RESEARCH TRIANGLE PARK – When it began 60 years ago, Research Triangle Institute, as it was called then, was the first fixture in Research Triangle Park – the fledgling institute was given 185 acres in the new research park.
“When we got to the park, there was nothing here but pine trees and ‘possums,” remarked one early employee.1
But oh, what it’s become in 60 years: RTI International, as it’s now known, is a contract research institute with 5,000 employees worldwide who work in 70 countries and generate nearly $1 billion in annual revenue.
The idea behind RTI, President and CEO Wayne Holden says in the accompanying video, was to create a landing pad for graduates from the Triangle’s three research universities.
“At that point in time, the three Triangle universities were creating really high-level, trained individuals in science who were leaving the area and going to other parts of the country for employment,” Holden says.
An early success was the discovery of Taxol®,2 a compound from an endangered yew tree in the Pacific Northwest that has became a major chemotherapy drug still used to treat breast, ovarian and lung cancer.
RTI’s mission statement centers on “improving the human condition.”3
“Improving the human condition is something we’re very serious about here,” Holden says. “It’s the reason people come to this organization. It’s the reason people stay at this organization. It defines what we do in terms of the problems that we’re interested in.”
RTI relies on local universities not just for talented employees, but for collaboration in research.
And it’s the breadth of RTI’s work that’s a challenge to grasp – everything from social science surveys to advising local governments in Nepal.
Jacqueline Olich, RTI’s senior director of University Collaborations, outlines some of the areas in which RTI scientists and researchers work: Pharmaco-epidemiology.
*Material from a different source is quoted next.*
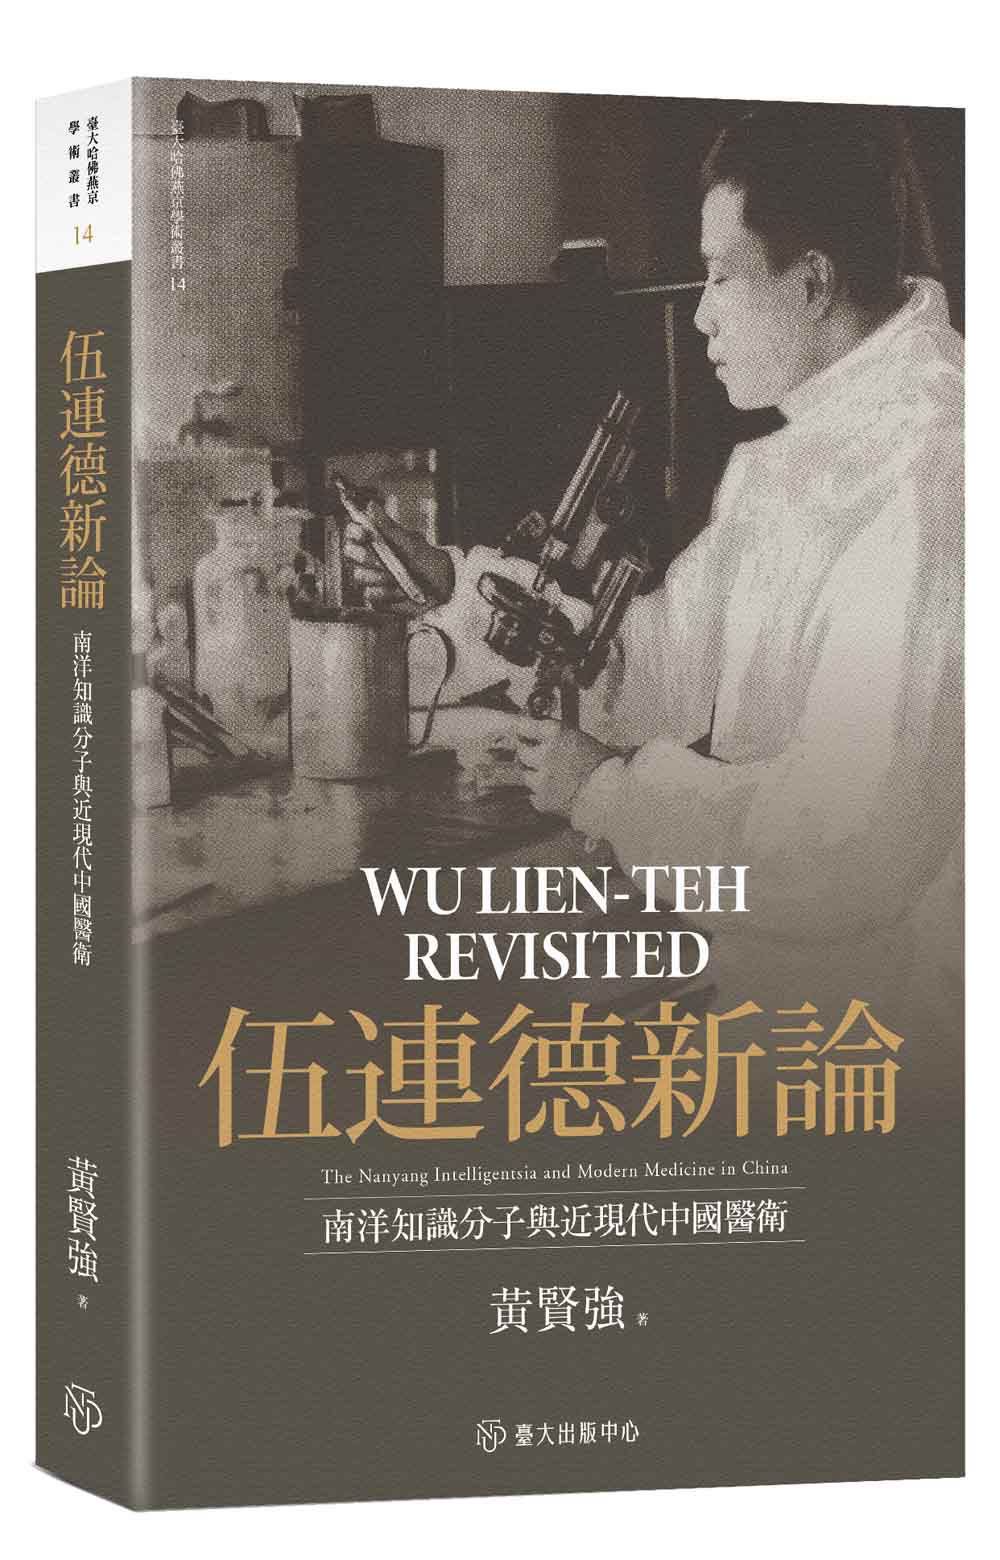 伍連德新論──南洋知識分子與近現代中國醫衛（限量精裝版）

The opioid crisis. Chemistry. Engineering. Water safety and sustainability. Economics. International development.
“It’s remarkable, impactful work in a variety of areas,” Olich says.
Lisa Gehtland, M.D., an RTI research public health analyst, works in partnership with the state and academic groups to offer screening for two additional health conditions in North Carolina newborns.
“The thing that really is meaningful is that you think about your neighbors … your North Carolina neighbors – that a family might be able to get this information earlier and that ultimately, their child might be helped and be able to be treated earlier and have a better life,” Gehtland says.
RTI’s Jennifer Hoponick Redmon, a senior environmental health scientist, and Keith Levine, senior director of analytical sciences, discuss how the state of North Carolina had neither data nor regulations on lead in drinking water at child-care centers and schools – which can cause devastating long-term damage to a child’s developing nervous system.
And public health scientist Phillip Graham discusses how solving the opioid epidemic involves much more than addressing prescriptions.
Holden further outlines the impact of RTI’s international work, including an effort to combat neglected tropical diseases in 20 countries and an effort to build early-grade literacy among 40 to 45 million children across multiple countries in the developing world.
“Our organization has done fantastic over the last 60 years, and we really look forward to all the changes and all the opportunities as we move ahead into the future,” he says.
1 Russ Banham, Impact on a Changing World: RTI International at 50, Greenwich Publishing Group, 2008, p. 30.